I have to prove the following: if $R$ is a unital ring ( non necessarily commutative), that is connected (the only idempotents are 0 and 1) and artinian, then $\frac{R}{J(R)}$ is a domain.
My attempt: Since $R$ is artinian, it is semiperfect. Then $\frac{R}{J(R)}$ is semi-simple and idempotents of $\frac{R}{J(R)}$ lift modulo $J(R)$. Since $R$ is connected, it follows that also $\frac{R}{J(R)}$ is connected. Then I'm stuck. Any hint would be appreciated. Thank you !

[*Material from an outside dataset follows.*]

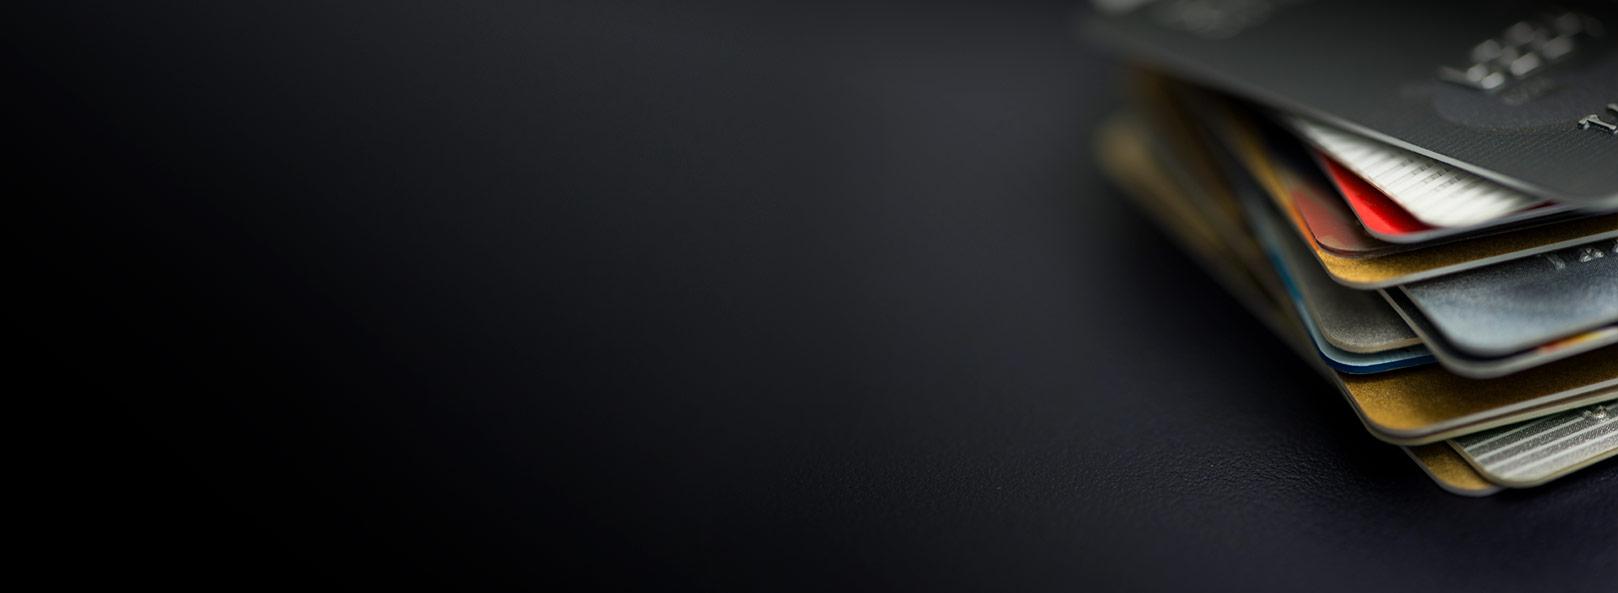 espacio-santander-bannerv3-tarjetas-revolving
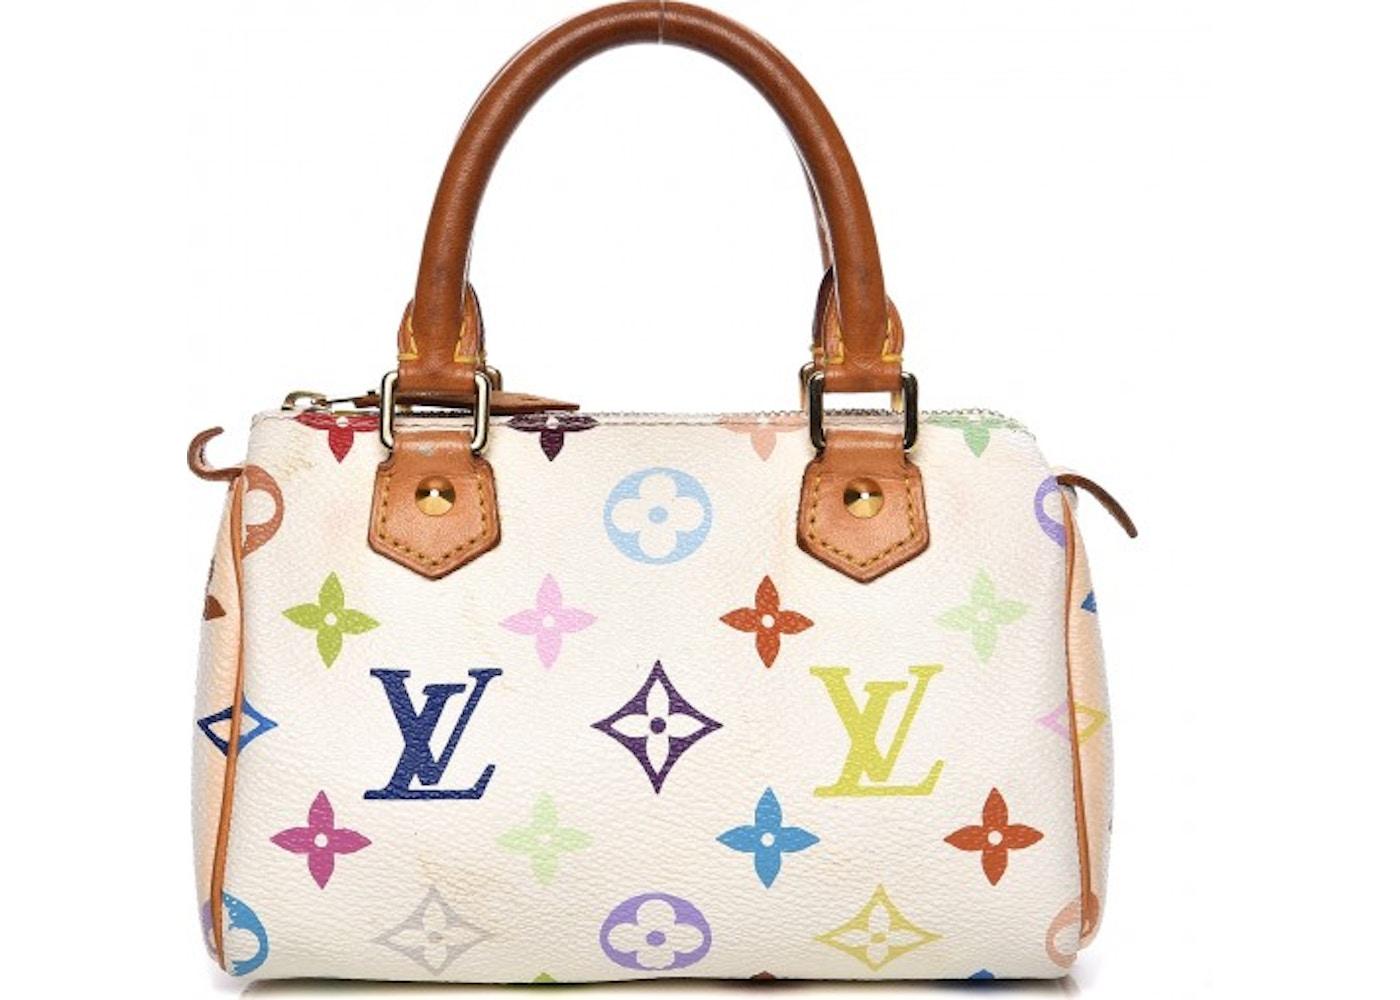 2068249f430c Louis Vuitton Speedy Sac HL Monogram Multicolor Mini White. Monogram  Multicolor Mini White

Ok, then: after the Artin-Wedderburn theorem, $\frac{R}{J(R)}$ is a product of $n$ matrix ring over division rings. Since the product of at least 2 rings contains non trivial idempotents, (i.e. $(1,0)$), and since $\frac{R}{J(R)}$ is connected, it must be $n=1$. Now, for $N\geq2$ (where $N$ is the size of the matrix), every matrix ring over a division ring contains the non trivial idempotent $(0,0),(0,1)$. Again, by connectivity of $\frac{R}{J(R)}$, we have that $N=1$, so $\frac{R}{J(R)}$ is division ring, hence a domain.